In just the past month or so I’ve seen multiple items crop up about getting critical minerals from space. First, this hearing in the House Committee on Natural Resources. This could be chalked up to uninformed congressional aides who don’t know Uranus from, well…
And then Phil Metzger posted this pic of the company OffWorld presenting at Commercial Space Week:
A small handful of other new startups have raised rounds–albeit, mostly in 2021/22 with rates at zero–on the premise of returning rare treasures from space back to Earth for sale.
The only positive thing I can say about this is that there’s in theory a market for these goods with a known price point. But there’s two glaring issues I’ll claim are death knells for return-to-Earth’s-surface space resource architectures. The “surface” part is important because space-mined rocket propellant is likely to be economic all the way down to low-Earth orbit.
Ore grades and all-in sustaining cost
In mining, the all-in sustaining cost (AISC) is the cost it takes to produce a resource like lithium or iron and encompasses everything from exploration to mining equipment to site reclamation. It’s basically the cost of goods, to which profits are added to get the market price of a metal.

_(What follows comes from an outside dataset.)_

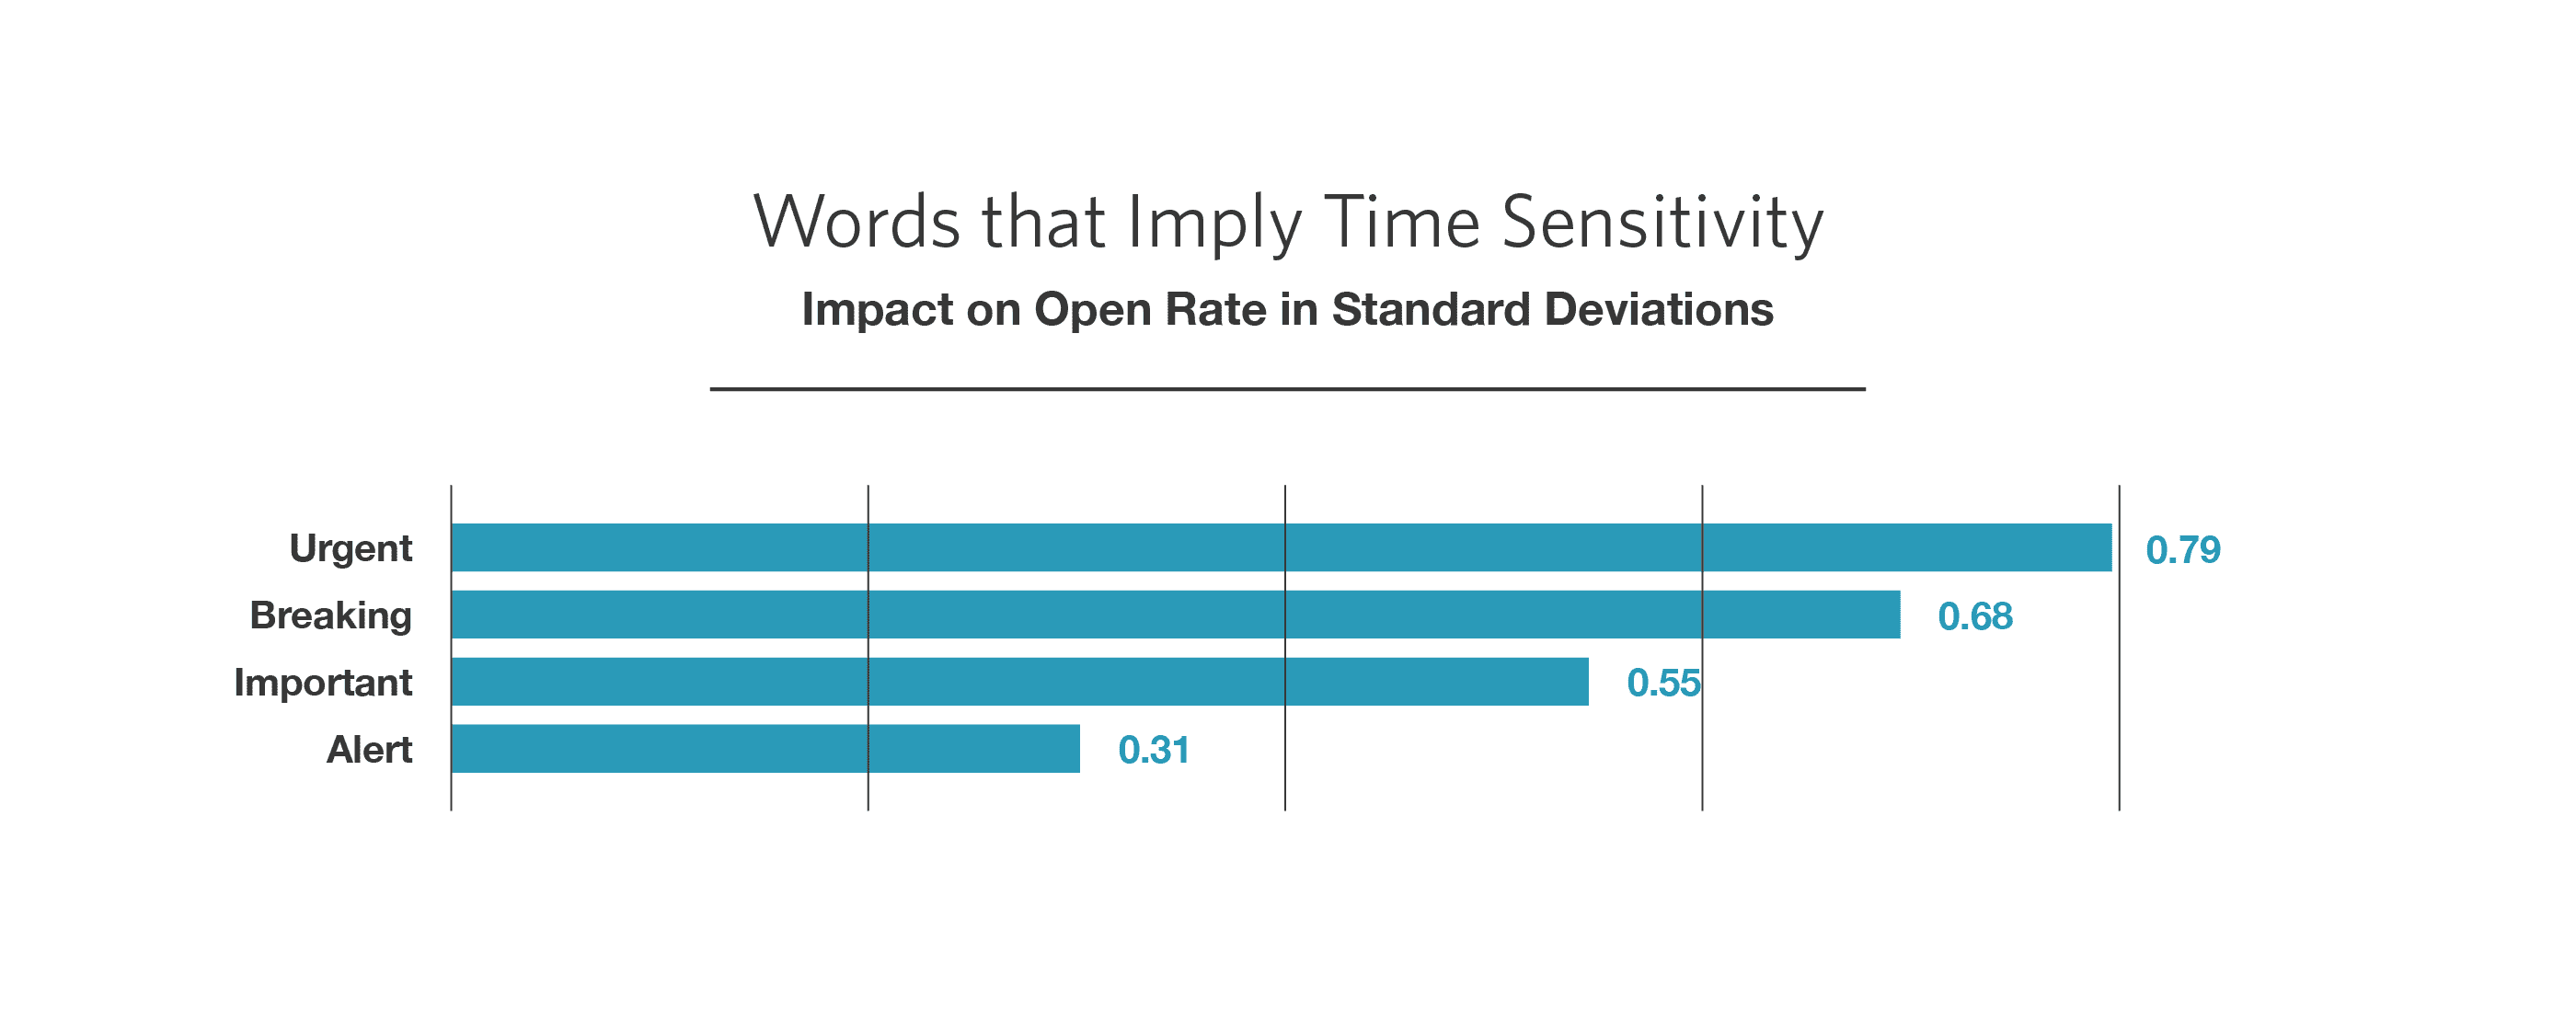 Make it urgent! Implying time sensitivity increases open rates. Just maybe not say something is urgent ... when it isn't

One way we could split up AISC is to isolate (1) just the cost of energy to extract a pure resource from the raw ore, then (2) everything else (labor, overhead, etc.).
In this 2-part AISC (energy + everything else), the energy term shouldn’t differ in space for an identical raw material–except energy itself will likely cost more–but it can change markedly if the material is different. On the other hand, the “everything else” term will be much higher for space mining than terrestrial mining and will likely remain so even for highly automated robotic approaches (remember that terrestrial mines are quickly being automated too).

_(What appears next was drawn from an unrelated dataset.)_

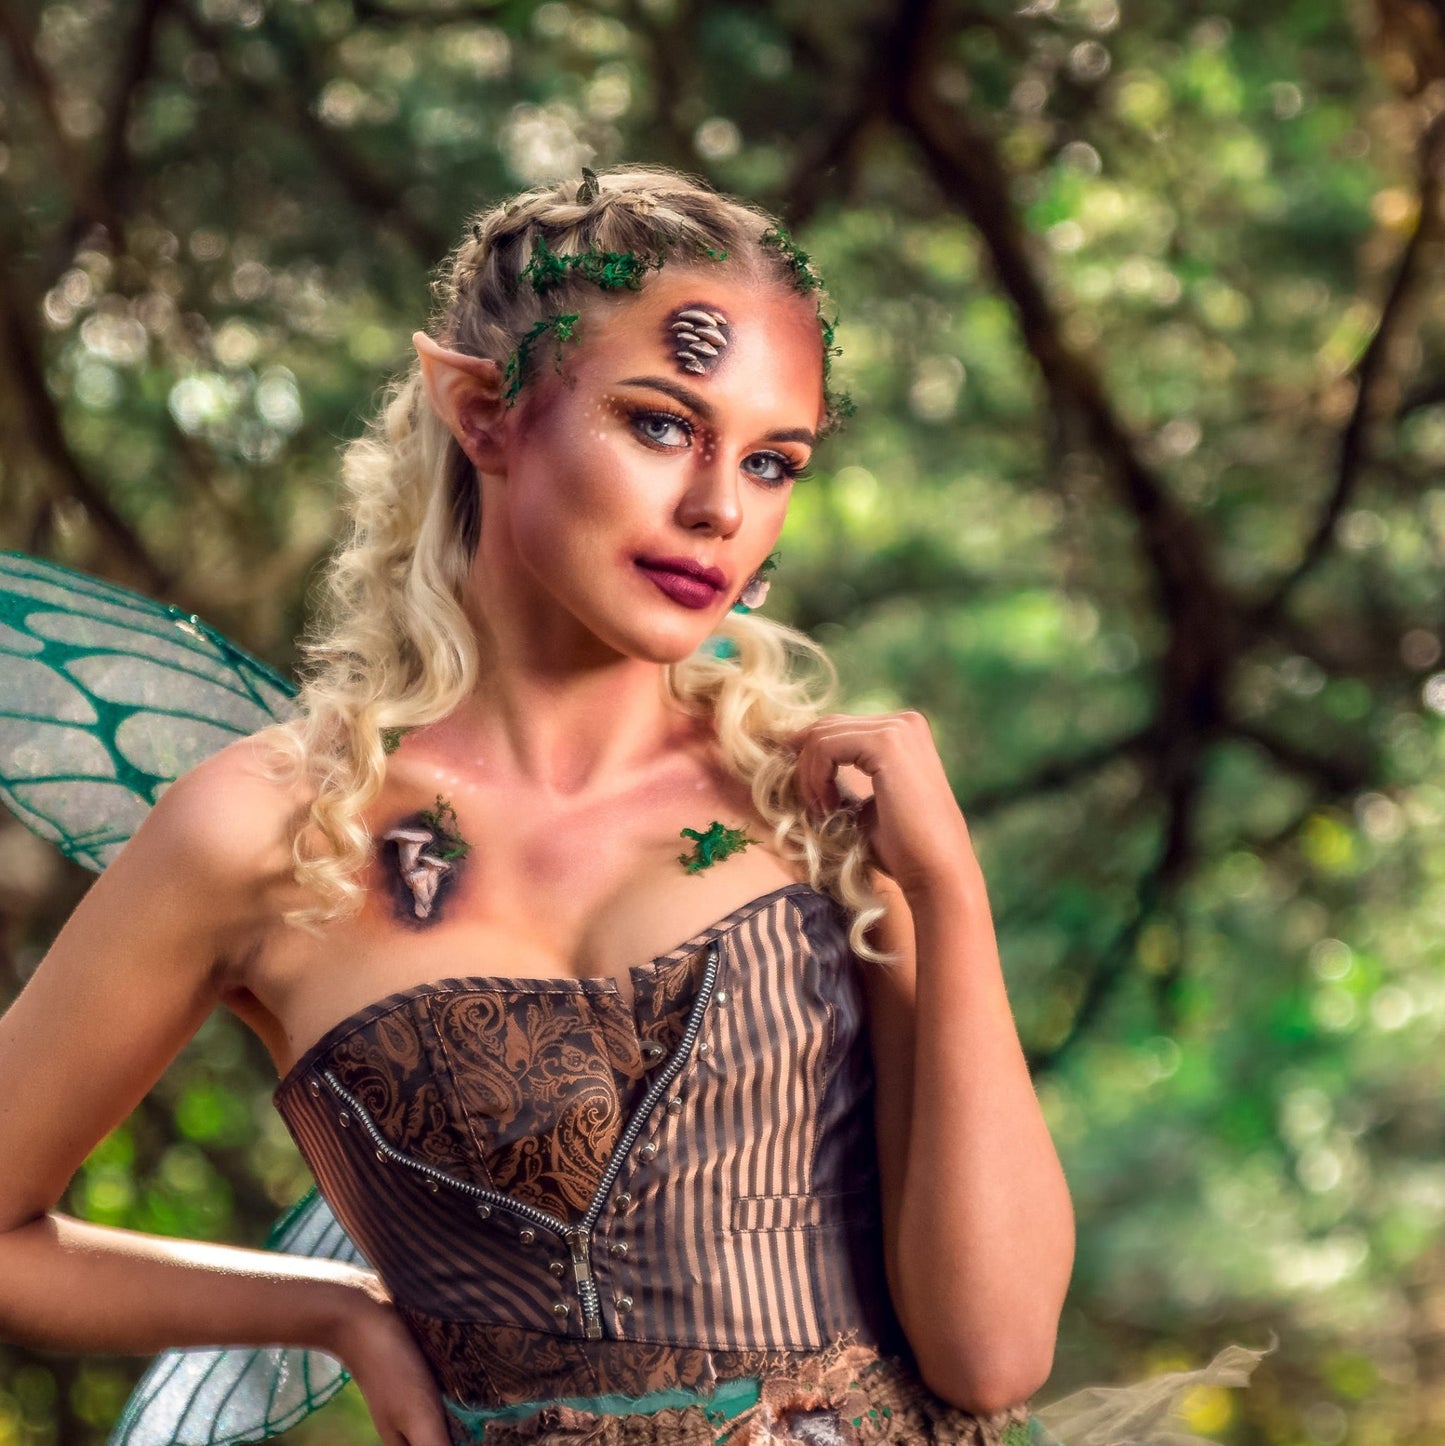 Blond woman dressed as a fairy with fungi prosthetics on her face and chest

If we plot the price of different elements versus their typical ore grade (or concentration), we get a power law that holds over 7 orders of magnitude in grade. The outliers here are elements like cesium and uranium that have special handling requirements (i.e., they kill you). Elements extracted from the atmosphere form their own offset trend with roughly the same slope.
The chart is backed up by well-known relations for single elements; for example, copper prices rise similarly for declining ore grades.
All this suggests it will only make sense to mine critical minerals in space if they have higher ore grades than on Earth. Likely significantly higher to make up for the higher costs of energy and space operations. The problem is that for basically every element on the periodic table, the opposite is true: terrestrial ore grades are higher than any material found in space (on the Moon, Mars, asteroids, doesn’t matter). Often the differences are staggering, with 10× better terrestrial grades for critical minerals like gallium and rare earths, 100× for lithium, and 40,000× for uranium. No future decline in terrestrial ore quality is going to flip this, and short of a total ban on new mines on Earth, the economics don’t make sense.
This is where people will point out that some elements like nickel and platinum group metals are more concentrated on metallic asteroids than the best ores we have here. This is true, as work I’ve led has shown in detail. But that’s where glaring issue #2 comes in.
Return mass
The amount of metals we mine is immense. Just look!
If we go back to the OffWorld chart and rattle some of these off:
Nickel: 2.7 million tons
Copper: 21 million tons
Cobalt: 170 thousand tons
Lithium: 106 thousand tons
That’s PER YEAR. How much mass can we bring back on a Starship, the largest and most capable rocket for the next 10+ years? SpaceX doesn’t publish this number, but internet forum folks have estimated it at 40 to 50 tons. So, for nickel alone we’re talking about 54,000 Starship loads per year to replace the terrestrial supply. 540 Starships to make a 1% dent. It just doesn’t add up.
At this point we’re left quibbling over a few things like osmium and rhodium that are mined in small amounts (1s to 10s of tons per year) and have ore grades in space that are marginally higher than Earth. Let’s check in on how these platinum group metals are doing:
Oops. That’s right, we’re replacing internal combustion engine vehicles with EVs, and in doing so getting rid of catalytic converters that make up most of the platinum group metal demand. On top of that, each year we get better at chemistry and can do a broader range of tasks with more Earth-abundant materials.
I understand that some space mining companies are having trouble finding customers and revenue, and appealing to critical mineral shortage fears may be a tempting place to turn. But it taints the more viable majority of the field. The basic premise of space resources does make sense for propellant for refueling, metals used in space for large apertures, and eventual Mars colonization. But most of the general public can’t separate this from return-to-Earth platinum asteroid bonanza nonsense.
Just as with every scarcity fear in the past, we’re not going to run out of critical minerals. We’ll substitute other more abundant elements, like the ramp up of sodium batteries out of CATL. We’ll get better at extracting from lower grades with increasingly green technologies. And yes, we’ll get them from seafloor nodules. Hell, if you throw enough energy at the problem you can pull elements from seawater or garden-variety rocks or soils. But critical minerals aren’t coming from space.